Saturday, June 16, 2018

I Have Podcasts!

It suddenly occurs to me that since I started blogging again, I haven't pimped the fact that I have two ongoing podcasts you can enjoy!

The first is called The Dirty Sons Of Pitches, where my friend and writing partner Nate Zoebl and I talk about the new movies of the week and pitch movie ideas based on them. We also play a really dumb game afterwards involving bad Gene Shalit impressions.

http://sonsofpitches.libsyn.com

https://itunes.apple.com/us/podcast/dirty-sons-of-pitches/id511780183?mt=2

The second is called Saturday Night Jive, where my brother and I watch and review a typically obscure movie featuring a randomly selected SNL cast member, due to a weird mutation of our original format that proved unworkable.

http://saturdaynightjive.blogspot.com/

https://itunes.apple.com/us/podcast/saturday-night-jive-podcast/id790767956?mt=2

Check em out if you want.

Friday, June 15, 2018

The Jurassic Games (2018) Review


Growing up on straight to video Full Moon movies and Cannon films schlock has instilled within me a pretty high tolerance for B movie cheese. While many might scoff at the bad special effects, poor acting, or generally low production values of say an Asylum film, I’m usually able to look past those technical problems as long as there’s an interesting story, well told, with characters I come to care about over the course of the narrative. Still, it is extremely rare that a low budget movie released directly to now VOD is good enough to break into my top ten for the year, and I didn’t anticipate it happening this year, that is until I saw The Jurassic Games. I heard about this one last year and it sounded like everything I could ever want in a movie - Jurassic Park meets The Hunger Games (or Battle Royale, or The Running Man, or Turkey Shoot, etc), and I am delighted to say that it lived up to my wildest expectations.

Do I need to recap the plot of this movie for you? It’s called The Jurassic Games and the cynical “this movie meets that movie” pitch structure is literally built into the title. Just go watch it right now. Seriously, I don’t even care what kind of movies you think you like or what your personal tastes are. Stop reading this review, go see this movie, and then come back when you’ve had time to change your pants after you stopped furiously ejaculating into them. The Jurassic Games is exactly what you think it is and exactly as awesome as you want it to be, and if you don’t like it, I’m sorry, but you need to just stop watching movies, because nothing is ever going to be good enough for you, and frankly you just don’t deserve good things in your life. It’s the Hunger Games, with god-damn, motherfucking dinosaurs in it. What more do you people want?
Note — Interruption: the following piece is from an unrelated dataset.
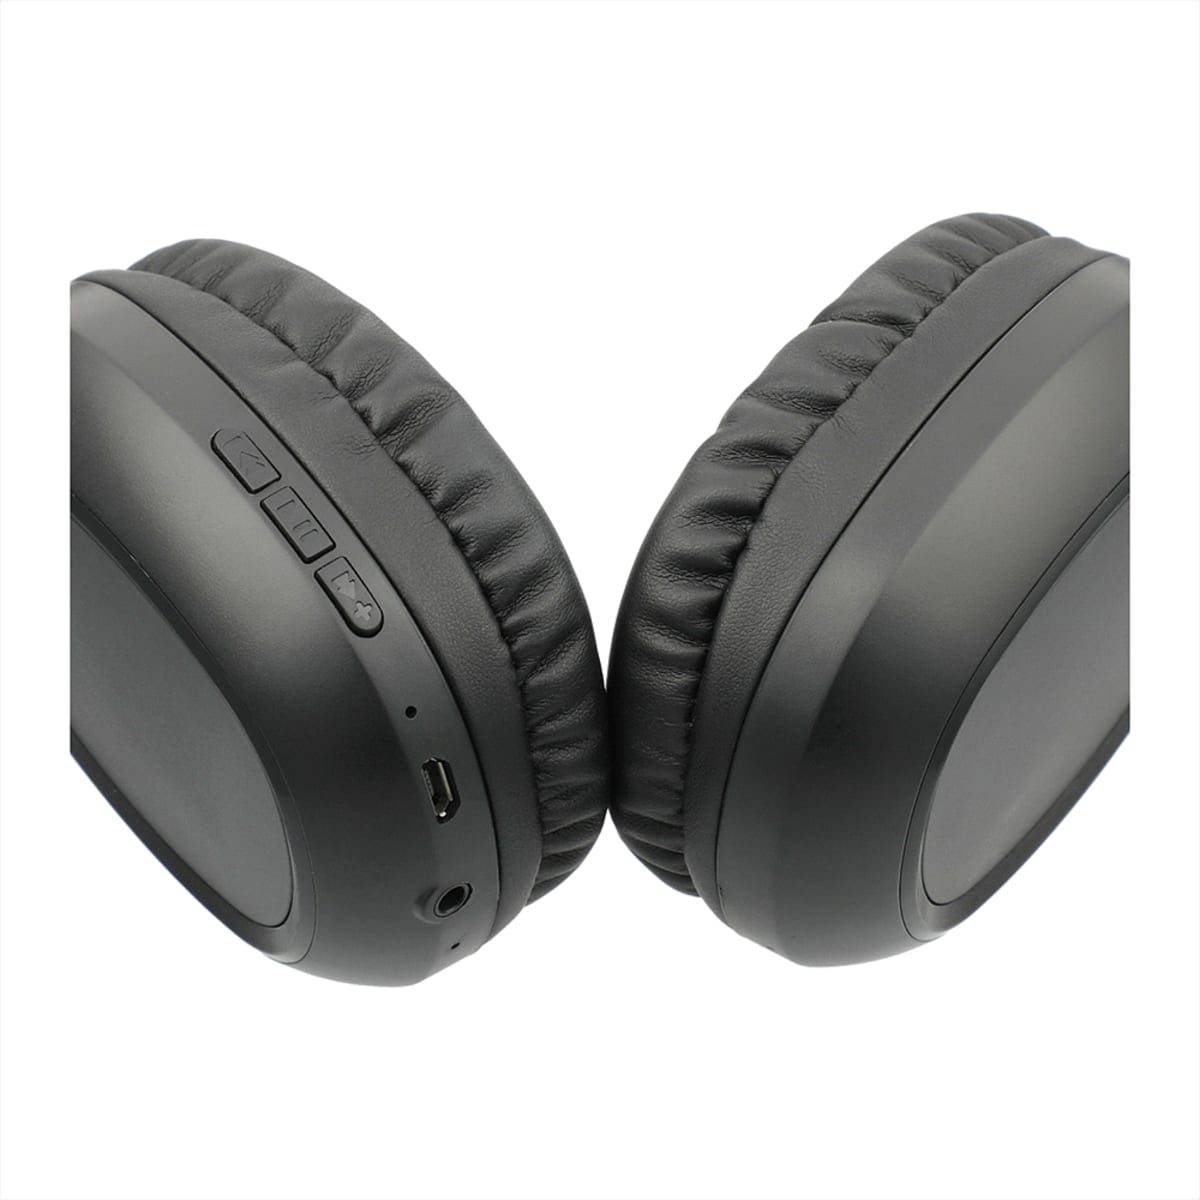 Oppo Bluetooth Headphones and Microphone

Of course, that isn’t entirely true. What I’m about to reveal about the premise of the movie might feel like something that completely ruins any fun to be had, and it almost did for me until every other aspect of the film was the best thing ever in the history of things. You see, the dinosaurs in this movie aren’t real. This isn’t a world where dinosaurs have been genetically engineered and brought back to life or just never went extinct. The dinosaurs are part of a virtual reality program, and I know the narrative purpose for this, to provide the film with just enough of a sliver of plausibility so that the audience can suspend its disbelief at least as well as in say, The Purge franchise. Still, come on, you just viscerally want these to be real dinosaurs chomping on people, and for most of the movie, this was the one big thing that was holding me back from calling The Jurassic Games an unqualified success even as every other facet of it had me hooked. And then the third act exploded awesomeness all over my face and waited until literally the last shot of the movie to completely justify the VR mechanic in one insane image, as if it were just flat out telling me to go fuck myself for ever questioning that it would.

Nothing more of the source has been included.